¿Es verdad que Jesucristo resucitó?… Quien lo dude, que venga a una de nuestras
asambleas dominicales. La Misa del Domingo, más que ninguna otra circunstancia, está
pregonando a todo el mundo que sí, que Jesucristo está vivo. De lo contrario, ¿cómo se
puede explicar que después de dos mil años se vaya repitiendo, al pie de la letra, lo que hoy
leemos en el Evangelio?
Plantémonos en el día de la Resurrección. Es el día primero de la semana. Los apóstoles
no saben ni qué pensar ni qué hacer. Se van repitiendo el cuento que les han traído esas
mujeres alocadas, de que han tenido visiones de ángeles y que han visto al mismo Señor en
persona. Pero, ¿quién les va a creer, con la imaginación que tienen?…
Así están discutiendo bien encerrados en el salón, cuando Jesús en persona que se les
hace presente, y les saluda con la fórmula más clásica de la Biblia:
– ¡Paz! ¡La paz con ustedes!…
Se arma un revuelo, mientras gritan aterrados:
– ¡Un fantasma! ¡Un fantasma!…
Jesús trata de tranquilizarlos:
– ¿Por qué se asustan y por qué dudan? Miren mis manos y mis pies. ¡Soy yo, yo mismo!
Toquen y comprueben. Un fantasma no tiene carne y huesos como ven que tengo yo.
Se van serenando, y ahora no acaban de creer por tanta alegría. Jesús le sonríe a cada
uno, y cada uno va cruzando su mirada con la del querido Maestro.
Jesús les abre la inteligencia para que comprendan las Sagradas Escrituras.
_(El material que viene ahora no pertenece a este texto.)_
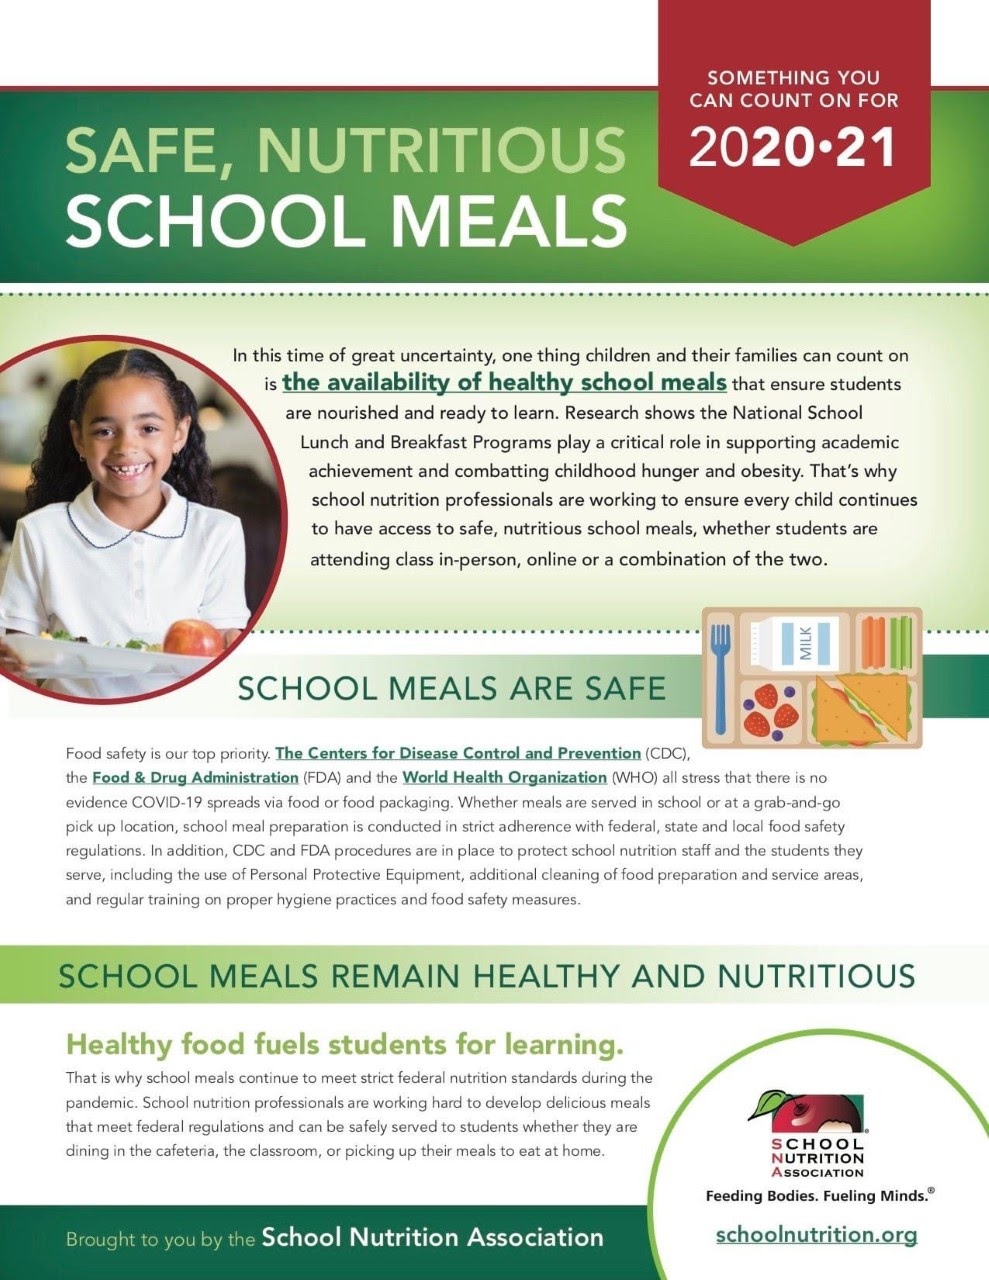 School Meals Info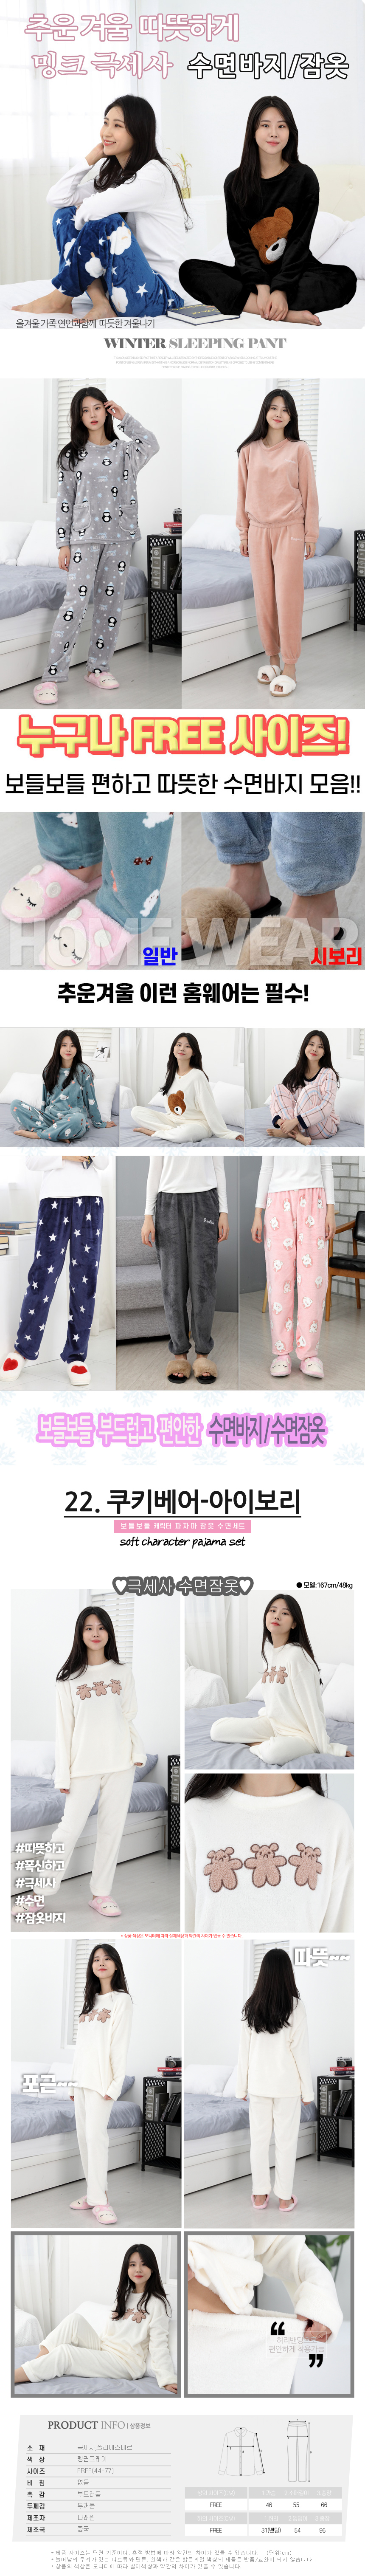 sleeping_pajamas_set_22.jpg

– ¿Se dan cuenta ahora de cómo el Cristo tenía que padecer y resucitar después?
Además, a todas las gentes se les tiene que predicar, en nombre de Cristo, la conversión y el
perdón de los pecados. Y ustedes, sí, ustedes van a ser los testigos de todo esto.
Lucas, un psicólogo tan fino, es quien nos cuenta así la primera aparición a los
apóstoles. Y es una descripción enormemente rica. Alude sin duda a la práctica de la
Iglesia, que desde el principio desarrollaba así la asamblea dominical, en la que se
proclamaba abiertamente:
¡Jesús ha resucitado de verdad!…
¡Jesús está aquí, presente en medio de nosotros!
¡Jesús nos trae la paz!…
¡Jesús nos merece el perdón de los pecados!…
¡Jesús debe ser predicado!…
¡Seamos todos nosotros testigos de esta nuestra fe!…
Cada una de estas proclamas hace arder al mundo con el fuego del Espíritu. Pasan los
años, y no hay manera de que se amortigüen los ecos de esta predicación ni se apague ese
incendio abrasador.
¿Ha resucitado verdaderamente Cristo?
Nuestra Misa dominical lo proclama cada vez con verdadero vigor. Si se leen las
Escrituras, ¿quién es el que nos habla, sino el mismo Jesús?…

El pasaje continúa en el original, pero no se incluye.